Assigned task:
Extract the full listing verbatim and drop any pictures from your copy.

Data section:
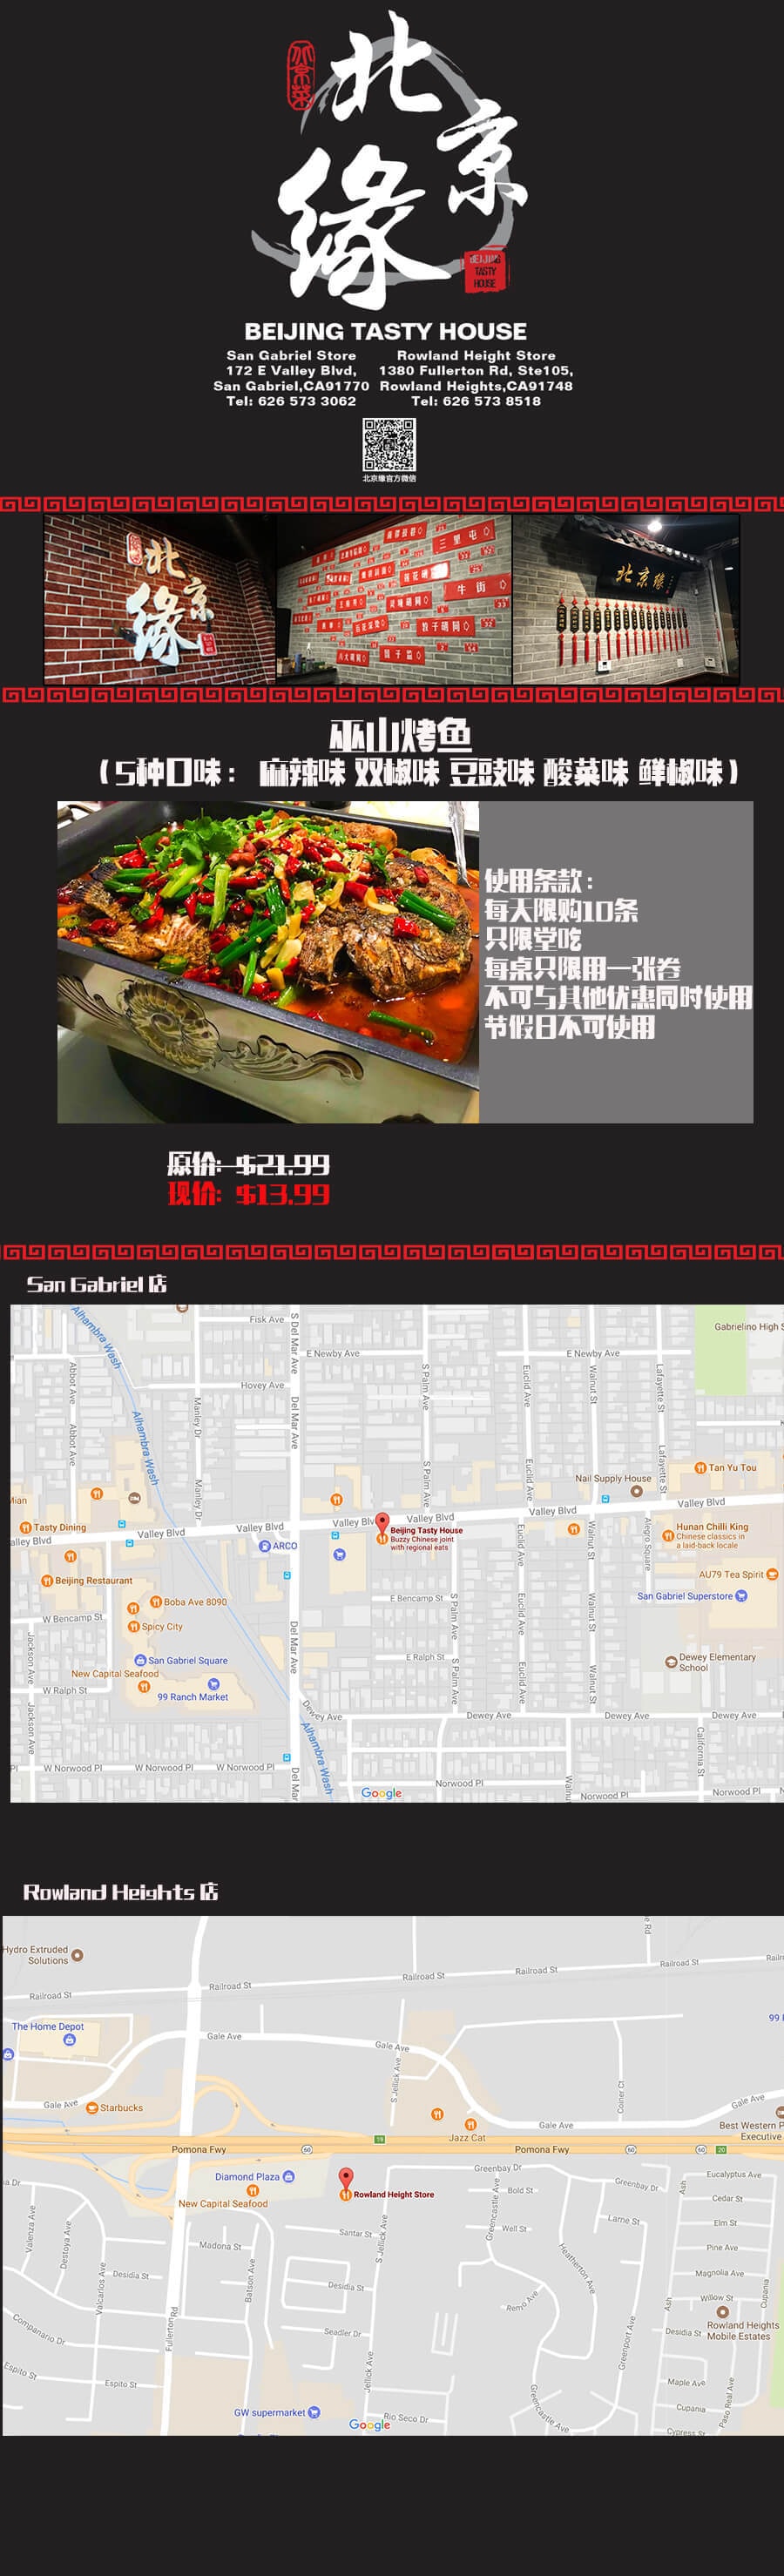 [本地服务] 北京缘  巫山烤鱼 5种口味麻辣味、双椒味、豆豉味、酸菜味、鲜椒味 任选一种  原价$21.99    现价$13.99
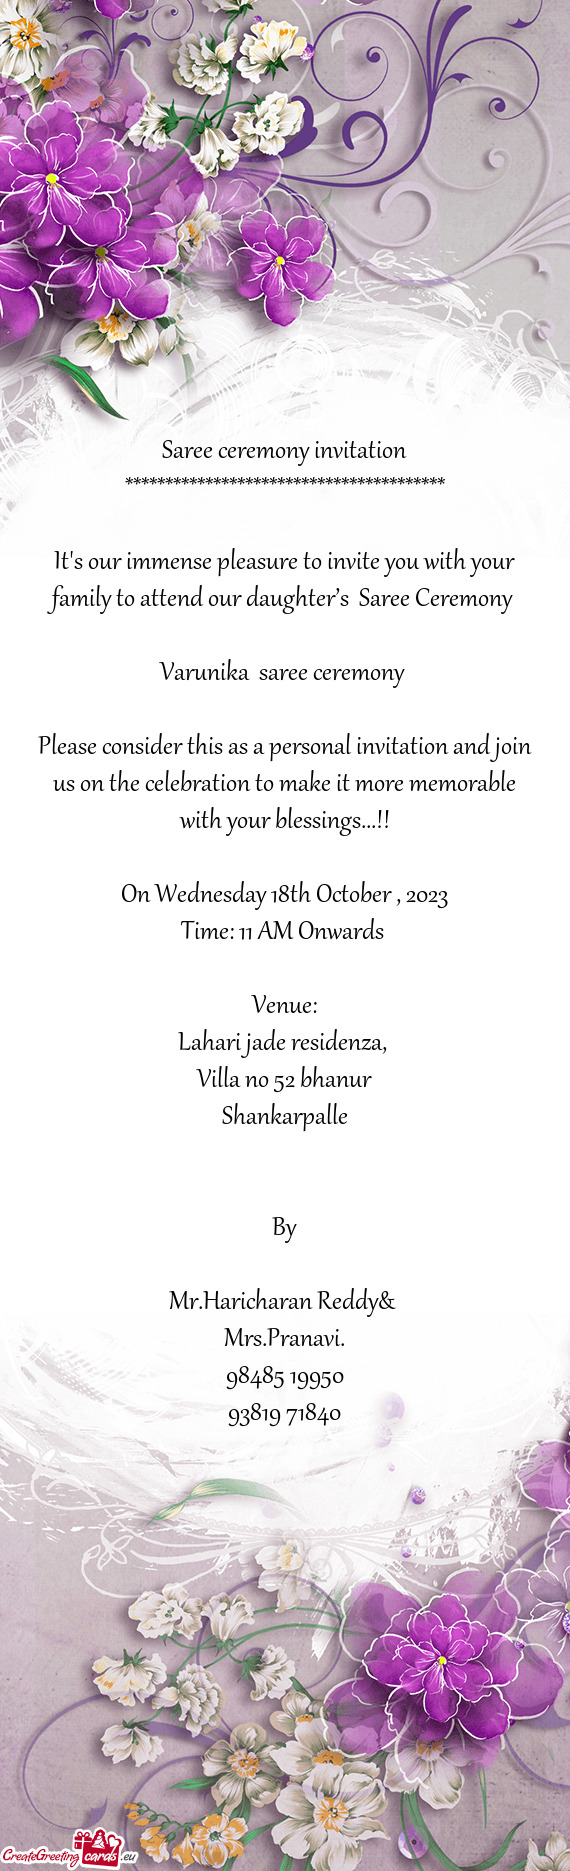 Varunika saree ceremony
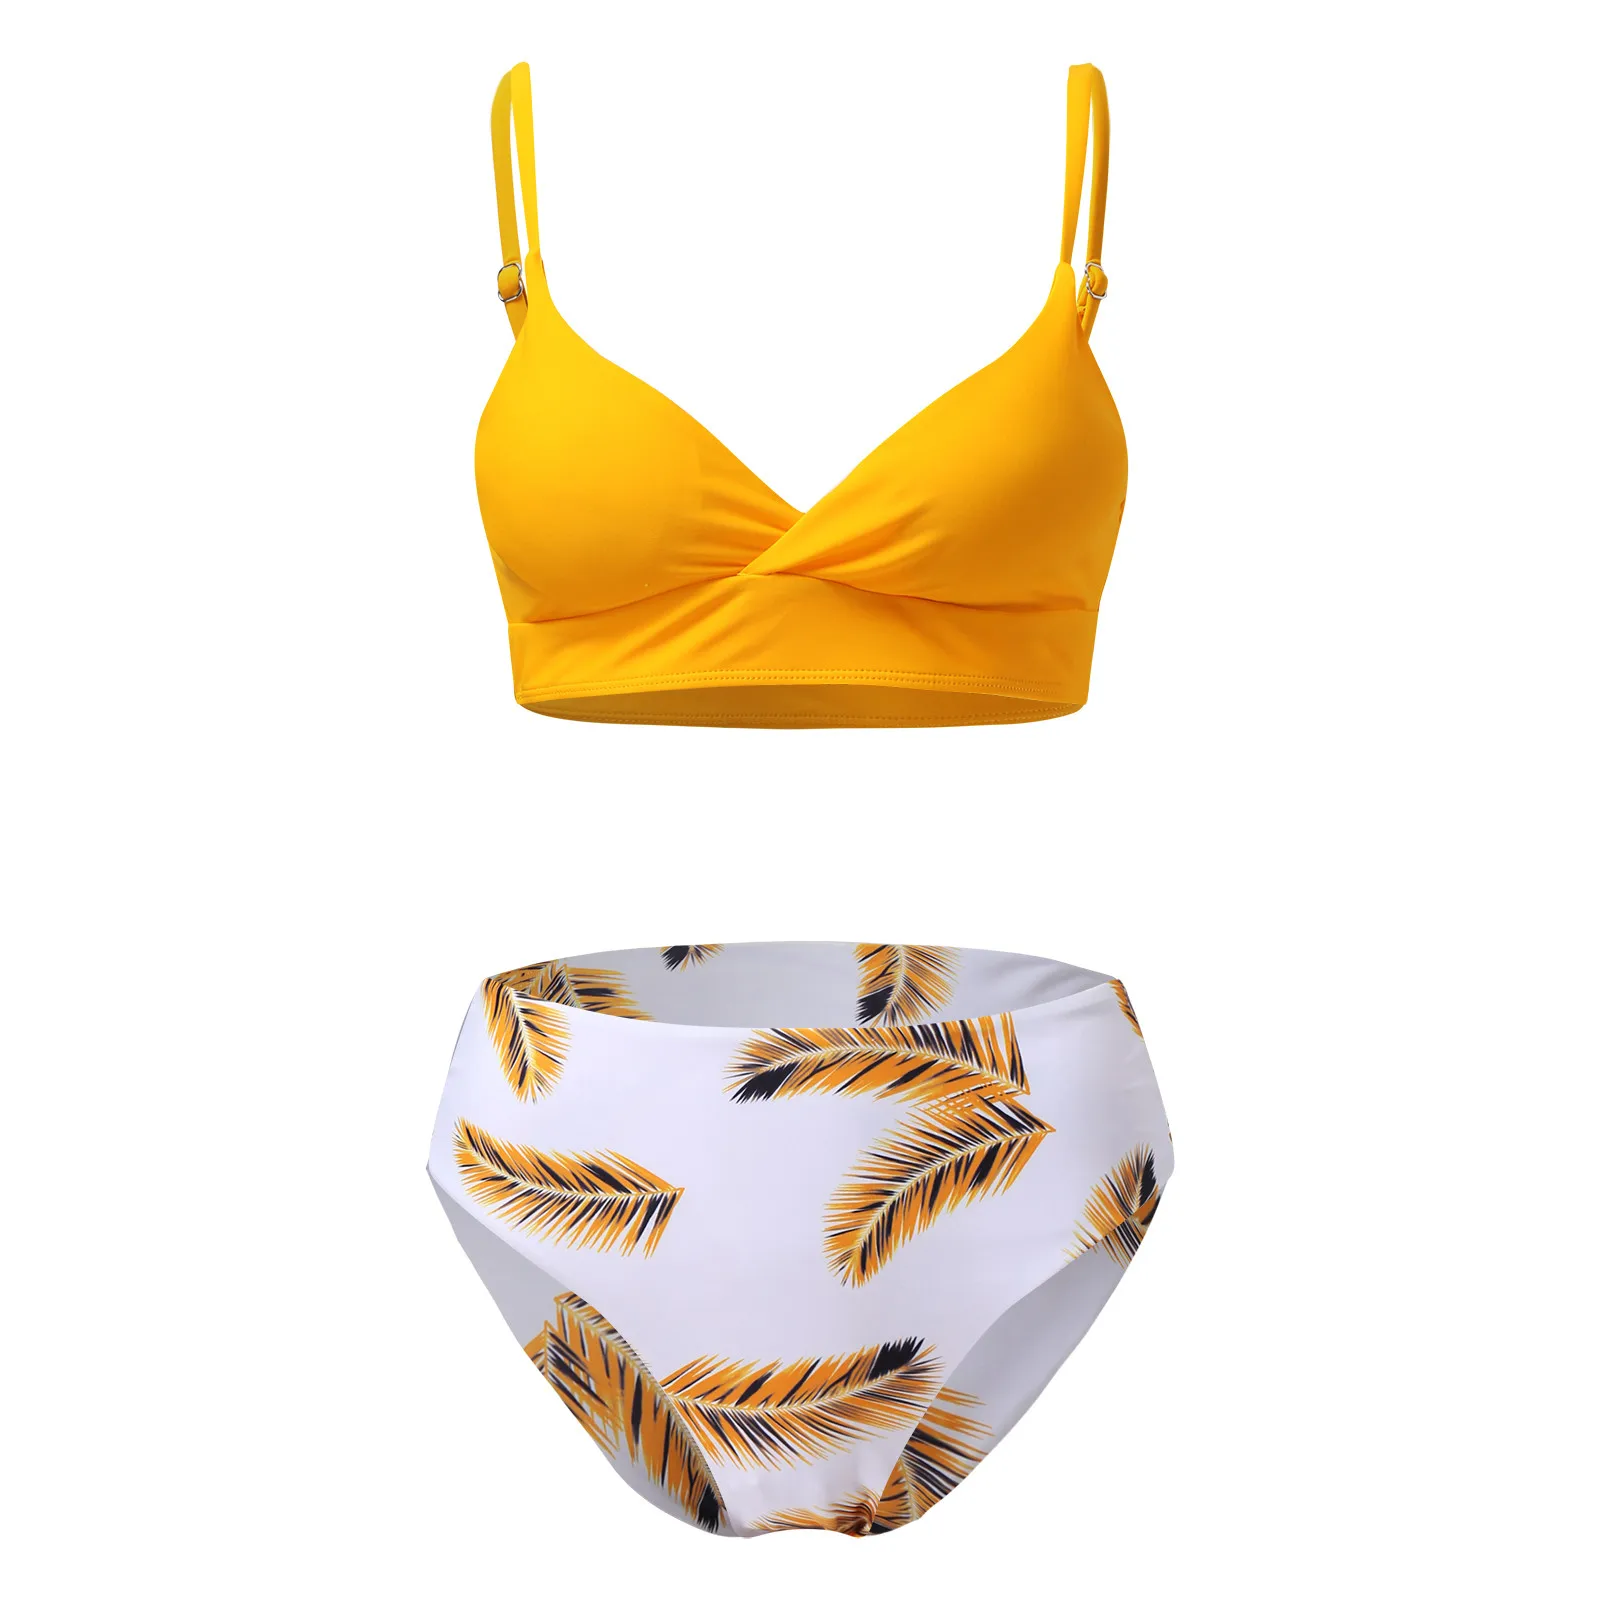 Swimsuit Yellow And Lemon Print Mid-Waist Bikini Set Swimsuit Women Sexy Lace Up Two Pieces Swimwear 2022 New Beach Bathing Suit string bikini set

Exercise result:
 [本地服务] 北京缘  巫山烤鱼 5种口味麻辣味、双椒味、豆豉味、酸菜味、鲜椒味 任选一种  原价$21.99    现价$13.99
 Varunika saree ceremony
 Swimsuit Yellow And Lemon Print Mid-Waist Bikini Set Swimsuit Women Sexy Lace Up Two Pieces Swimwear 2022 New Beach Bathing Suit string bikini set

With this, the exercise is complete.